Based on article by Joey Bunch, The Denver Post
October 31, 2007 In one of those little "glitches" so common to mail ballot elections, which election officials hope we'll overlook, a vendor in charge of mass mailings forwarded about 1,100 of the 108,876 Douglas County, Colorado, ballots to new addresses, a no-no under state election laws. Mail ballots were sent out earlier this month but one shouldn't ask why the county clerk, or the vendor, didn't check the U.S. Postal Service National Change Of Address (NCOA) database prior to mailing the ballots? The designated spokesman for the vendor, Omaha-based Pitney Bowes PSI, was traveling Tuesday and could not be reached for comment. But certainly a company like Pitney Bowes must be accustomed to checking NCOA prior to mass mailings?
By Tuesday, all the ballots, including 22 sent to voters who had moved but were still eligible to vote in the election, were accounted for. According to Douglas County election chief Jack Arrowsmith all of the improperly forwarded ballots were invalidated. But we'll just have to take his word for it. However, his information is certainly second hand.

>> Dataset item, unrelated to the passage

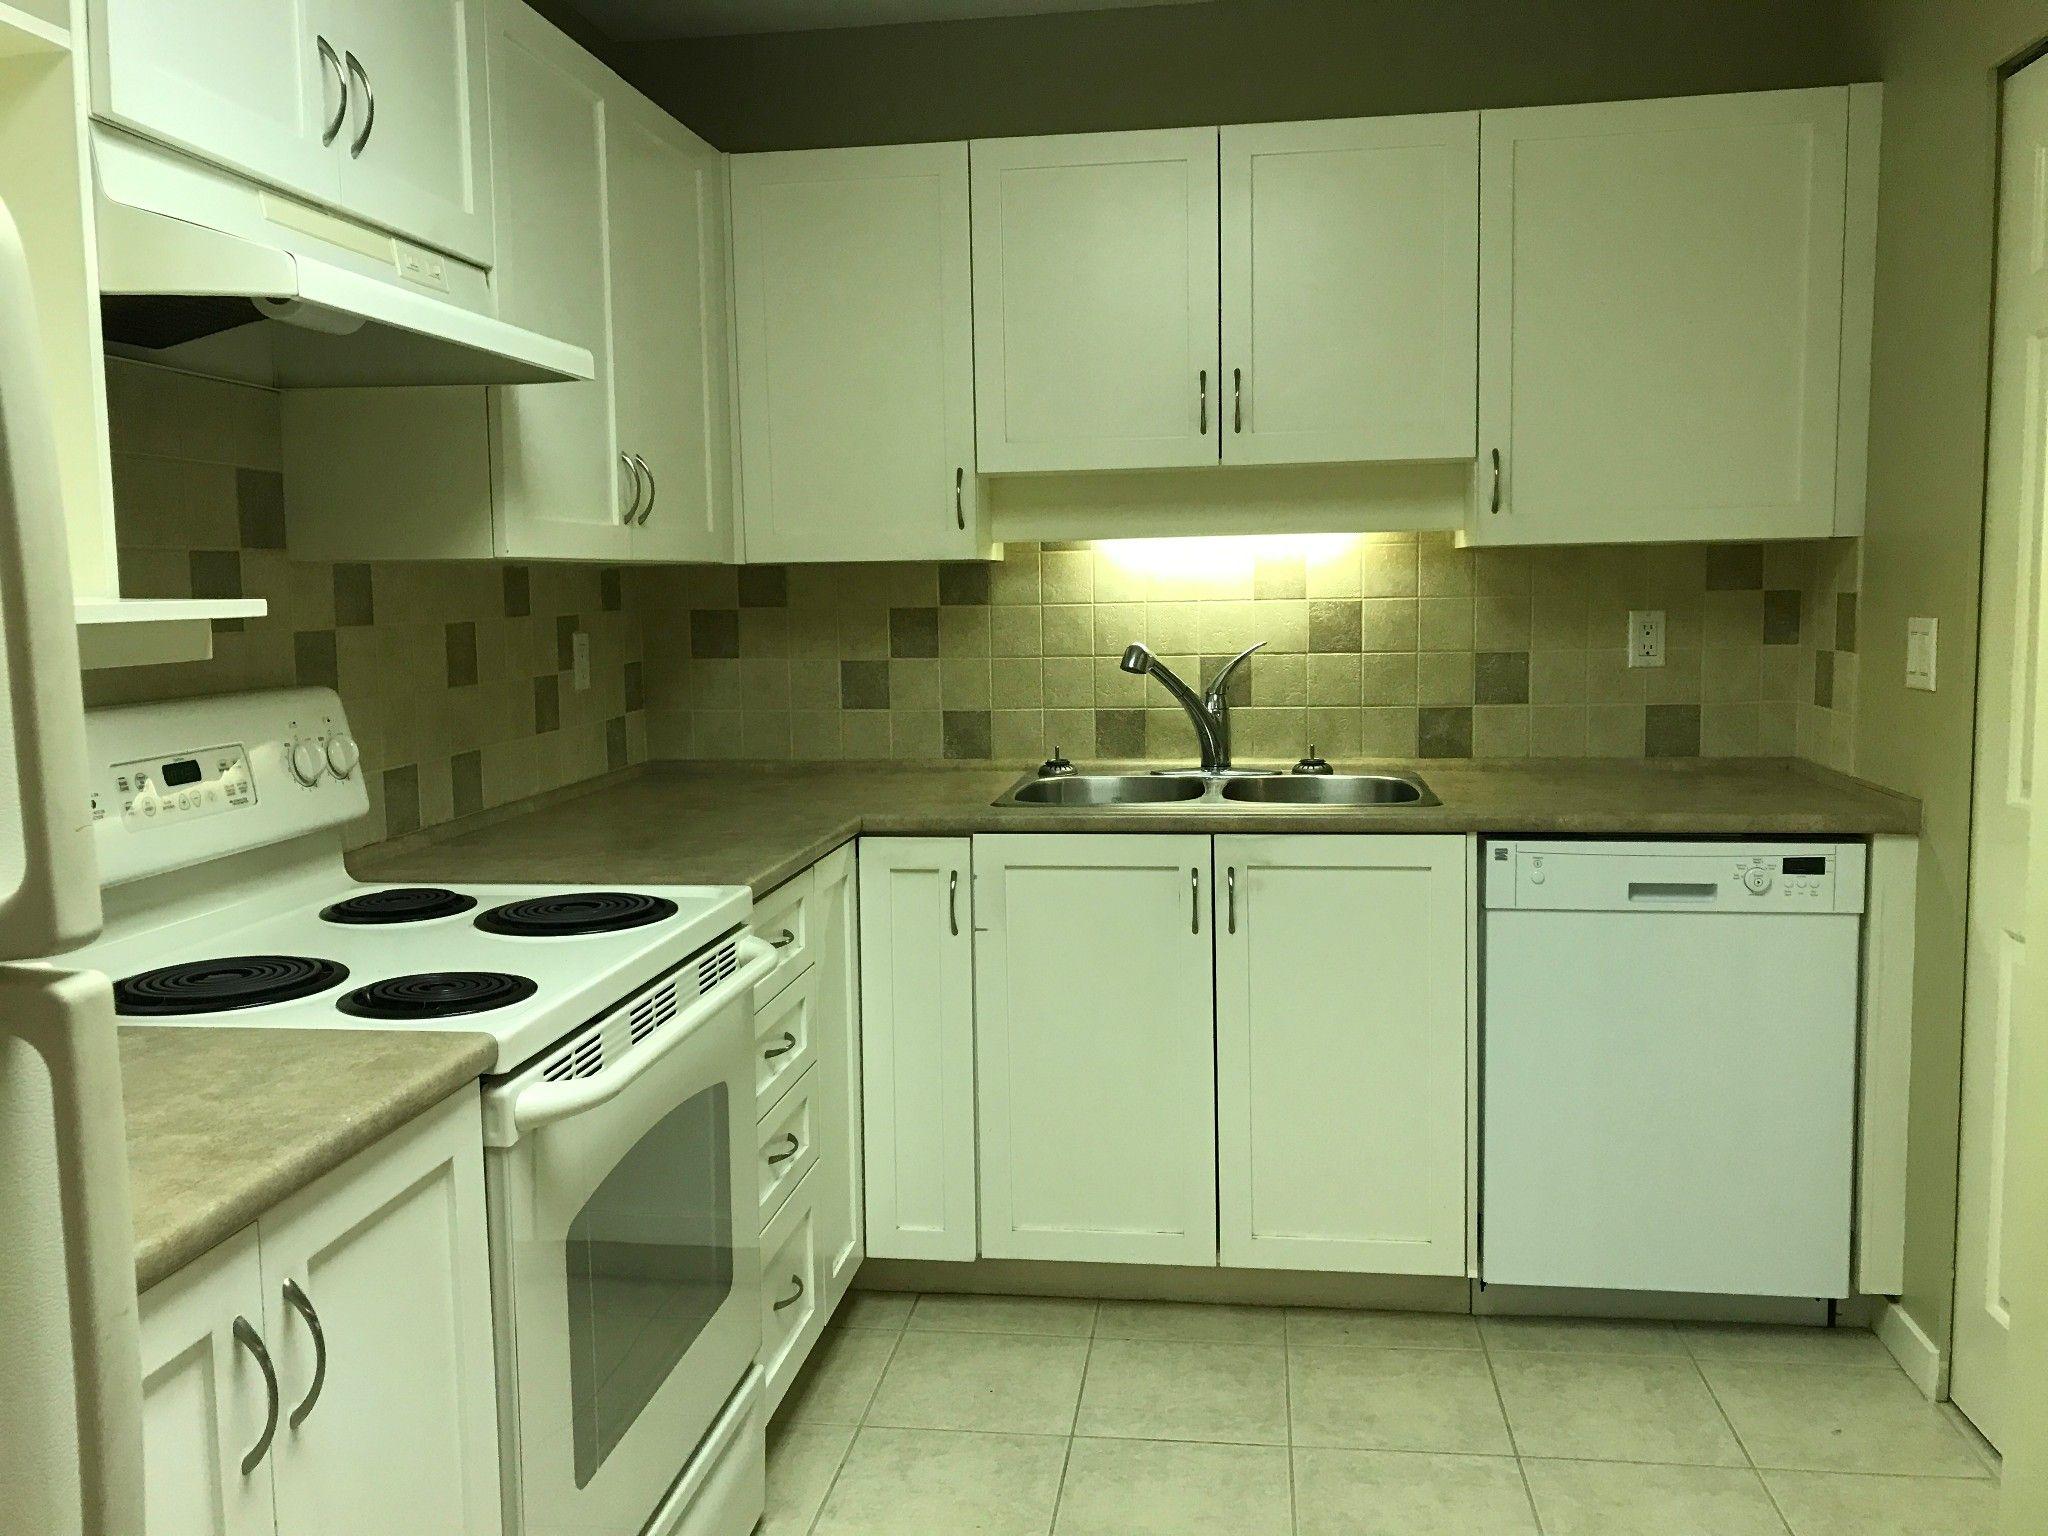 Photo 7: Photos: #329 2700 McCallum Rd. in Abbotsford: Central Abbotsford Condo for rent

Arrowsmith said the error was an honest mistake but misplacing 1,100 ballots in a precinct election would be considered a major problem. However, in a mail ballot election, 1,100 ballots are a tiny fraction of those that are unaccounted for, which encourages election fraud.
Typically the company that made the mistake handles direct-mail advertising. "If you're selling widgets, getting your stuff forwarded is a good thing," Arrowsmith said. "But ballots, it's not," which is certainly an understatement and nonsense. Advertisements sent by mail are rarely forwarded.